Turn off the pressure reducing valve of the gas cylinder, remove the tangential force, and finally remove the normal stress. After the unloading is completed, turn off the oil pump of the shear seepage system.

7) Data storage.

Save all the data recorded by the data acquisition system; separate the upper box and the lower box, take out the test piece, observe the shape of the test piece; and clean up the dirt in the base of the box.

Steps (2)-(6) can be repeated for the next test.
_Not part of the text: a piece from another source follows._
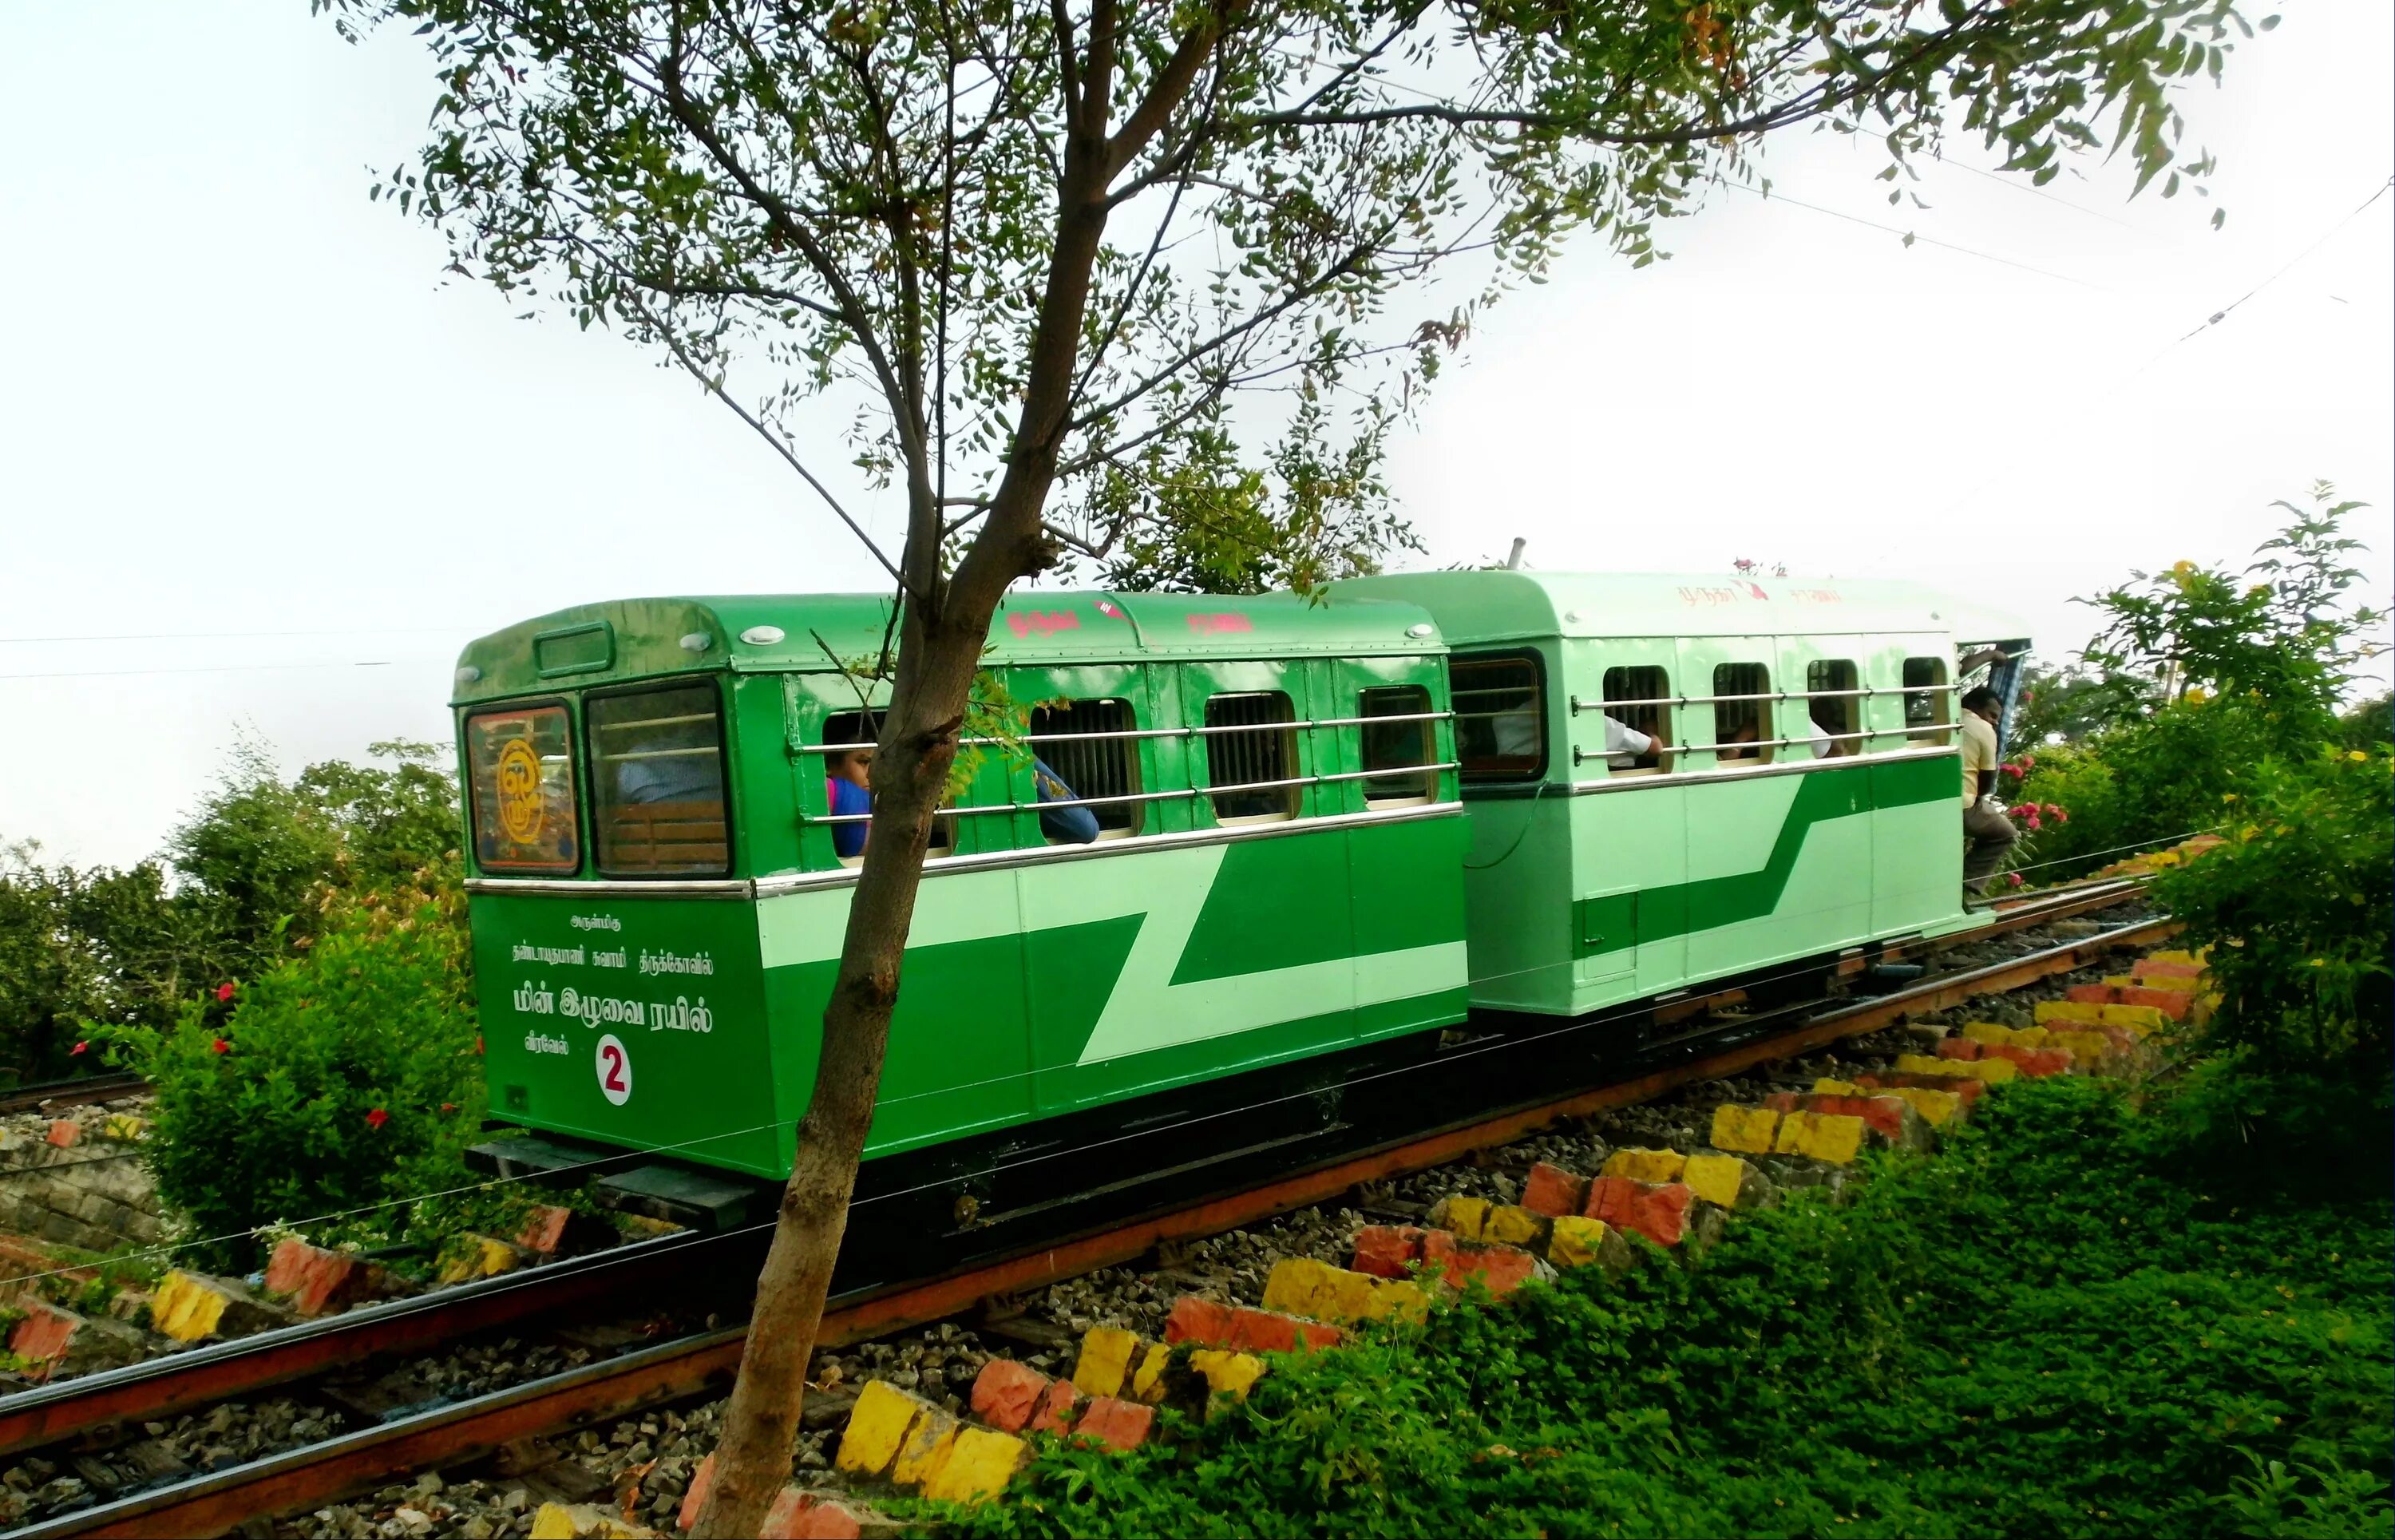 Зеленый поезд слова. Зеленый поезд. Зеленая электричка. Маленький поезд. Зеленый транспорт.

The preferred specific embodiments of the present invention have been described in detail above. It should be understood that those skilled in the art can make many modifications and changes according to the concept of the present invention without creative effort. Therefore, all technical solutions that can be obtained by those skilled in the art based on the concept of the present invention through logical analysis, reasoning or limited experiments on the basis of the prior art shall be within the scope of protection defined by the claims.

Claims (1)

1. a fluid structure interaction coal rock shear-seepage test shearing slip combined shear box, comprises the upper cartridge body (13) and lower box body (14) that are fixed to one another connection; Described upper cartridge body (13) and lower box body (14) are provided with the cavity holding test specimen; It is characterized in that:

Before and after described upper cartridge body (13), both sides are respectively arranged with the first flange (13a) and the second flange (13b); Before and after described lower box body (14), both sides are respectively arranged with the 3rd flange (14a) and the 4th flange (14b);

Described upper cartridge body (13) is respectively arranged with in the both sides of described first flange (13a) and the second flange (13b) the second raceway and the 3rd raceway that are made up of some second rollers (9b) and the 3rd roller (9c); Described second raceway and the 3rd raceway are respectively arranged with a clamping plate (25); Two clamping plates (25) are supported by described second raceway and the 3rd raceway respectively, and are fixedly connected with described lower box body (14) respectively by the bolt (26) at clamping plate (25) two ends;

Described lower box body (14) is respectively arranged with in the inner side of described 3rd flange (14a) and the 4th flange (14b) the 4th raceway and the 5th raceway that are made up of some 4th rollers (9d) and the 5th roller (9e); Described upper cartridge body (13) is supported on lower box body (14) by the 4th raceway and the 5th raceway, and the 4th raceway and the 5th raceway difference correspondence form the dislocation of horizontal direction with the second raceway and the 3rd raceway;

The upper rectangular distribution of described lower box body (14) has four threaded holes (14c); Described upper cartridge body (13) corresponding described threaded hole (14c) place is provided with waist through hole (13c);

Described bolt (26) coordinates with described threaded hole (14c) afterwards through described clamping plate (25) and waist through hole (13c).